The abbey was established by the Silesian Piast Duke Henry I the Bearded and his wife Saint Hedwig of Andechs (Święta Jadwiga Śląska), confirmed by Pope Innocent III. The legend of its foundation relates that once Duke Henry when out hunting fell into a swamp from which he could not extricate himself. In return for rescue from this perilous position, he vowed to build the abbey. With Hedwig's consent, her brother Ekbert of Andechs, then Bishop of Bamberg, chose the first nuns that occupied the convent. The first abbess was Petrussa from Kitzingen Abbey; she was followed by Gertrude, the daughter of Hedwig.
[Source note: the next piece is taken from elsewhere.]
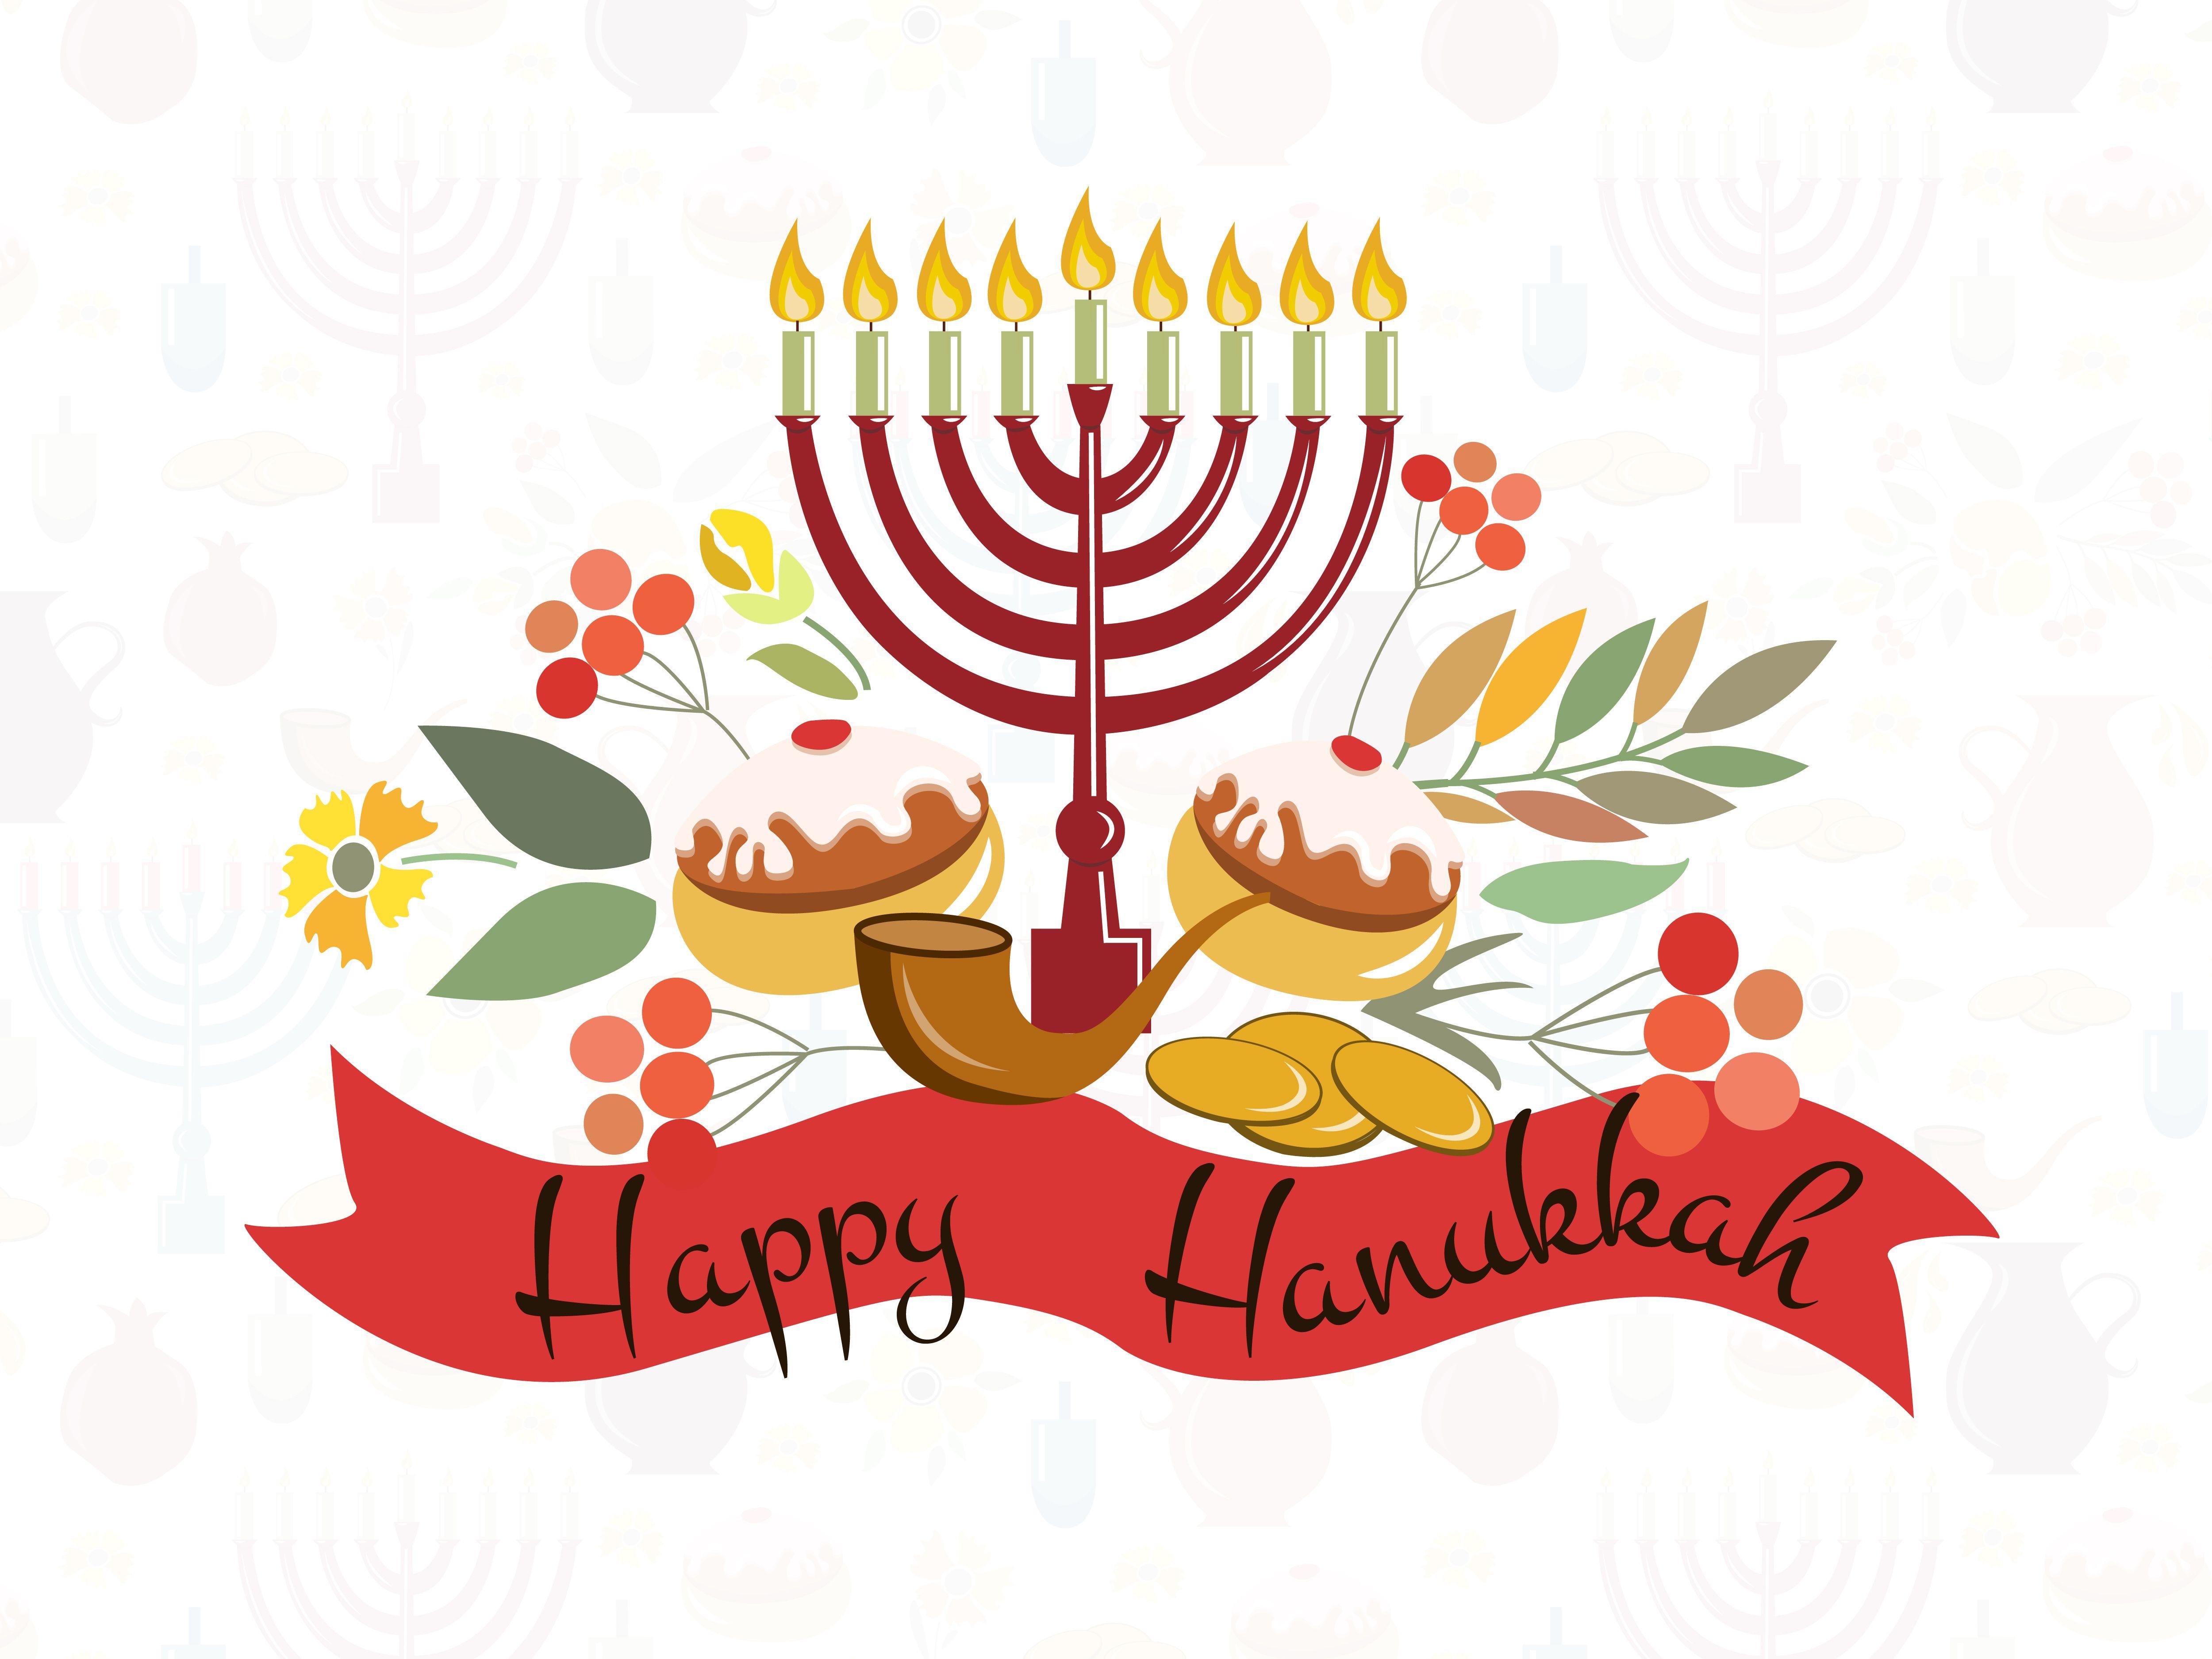 Happy Hanukkah Watercolor Card   Watercolor cards, Hanukkah and Card ...

The abbey was richly endowed with lands by Duke Henry. When Hedwig became a widow in 1238, she went to live at Trzebnica and was buried there.

Up to 1515, the abbesses were the first princesses of the Piast dynasty and afterwards members of the nobility. It is said that towards the end of the thirteenth century the nuns numbered 120. The abbey also became a mausoleum of many rulers of the fragmented Silesian Piasts. In 1672 there were 32 nuns and 6 lay sisters, in 1805 there were 23 nuns and 6 lay sisters. The abbey suffered from all kinds of misfortunes both in the Middle Ages and later: from famine in 1315, 1338, 1434, and 1617, from disastrous fires in 1413, 1432, 1464, 1486, 1505, 1595, and 1782. At the Protestant Reformation, most of the nuns were Polish, as were the majority until the eighteenth century. In 1668, only four of the 31 nuns had German surnames. During the Thirty Years War the nuns fled across the border on the territory of the most unaffected Polish–Lithuanian Commonwealth, as they did again in 1663 when the Turks threatened Silesia. The abbey remained under the jurisdiction of the Catholic Church in Poland.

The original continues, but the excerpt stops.